Univ.-Prof. Dr. Reinhold Beiser

Das objektive Nettoprinzip und eine systemkonsistente Einmalerfassung im Licht der Grundfreiheiten des AEUV

Werden Einkünfte aus Vermietung und Verpachtung mit Fremdwährungskrediten finanziert, stellt sich die Frage, wie Fremdfinanzierungskosten samt Kursgewinnen und Kursverlusten ertragsteuerrechtlich einzuordnen sind. Der Beitrag sucht eine systemkonsistente Lösung in den Grundprinzipien der Einkommensteuer und der Freiheit des Kapitalverkehrs.

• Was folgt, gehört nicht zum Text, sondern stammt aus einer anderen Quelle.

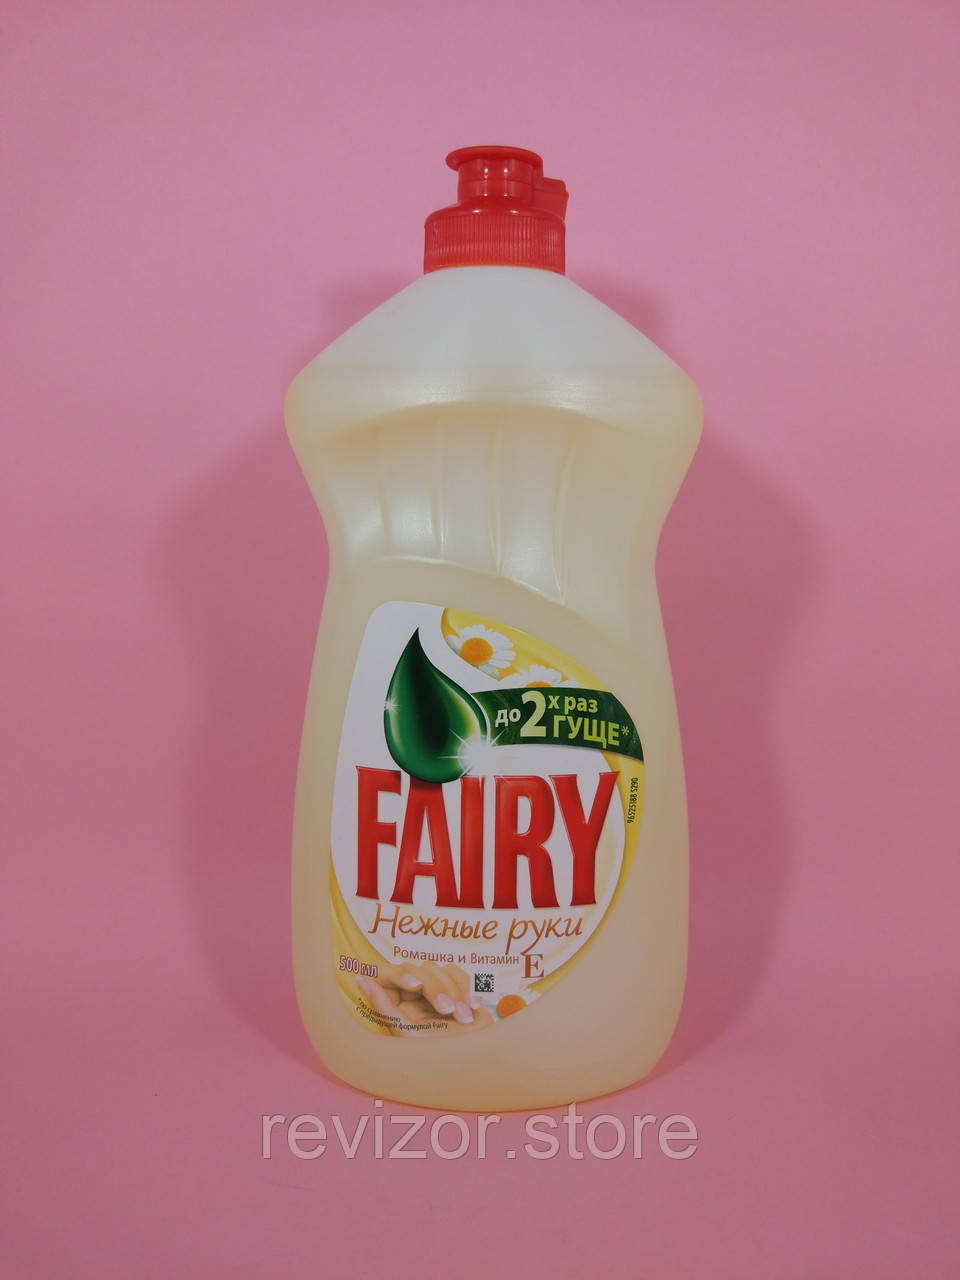 Fairy - Жидкое средство для мытья посуды Нежные руки Ромашка и Витамин Е 500мл

Eine natürliche Person A kauft ein Mietgebäude um 20 Mio € Entgelt. Die Anschaffungskosten werden mit 10 Mio € Eigenmitteln und mit 10 Mio € Fremdwährungskredit finanziert: Der Fremdwährungskredit wird auf 10 Jahre endfällig aufgenommen. Die Zinsen in Höhe von 5 % pa (ganzjährig) sind jeweils zum 15. Jänner des Folgejahres fällig. Ein Kredit in Euro würde 7 % Zinsen pa kosten.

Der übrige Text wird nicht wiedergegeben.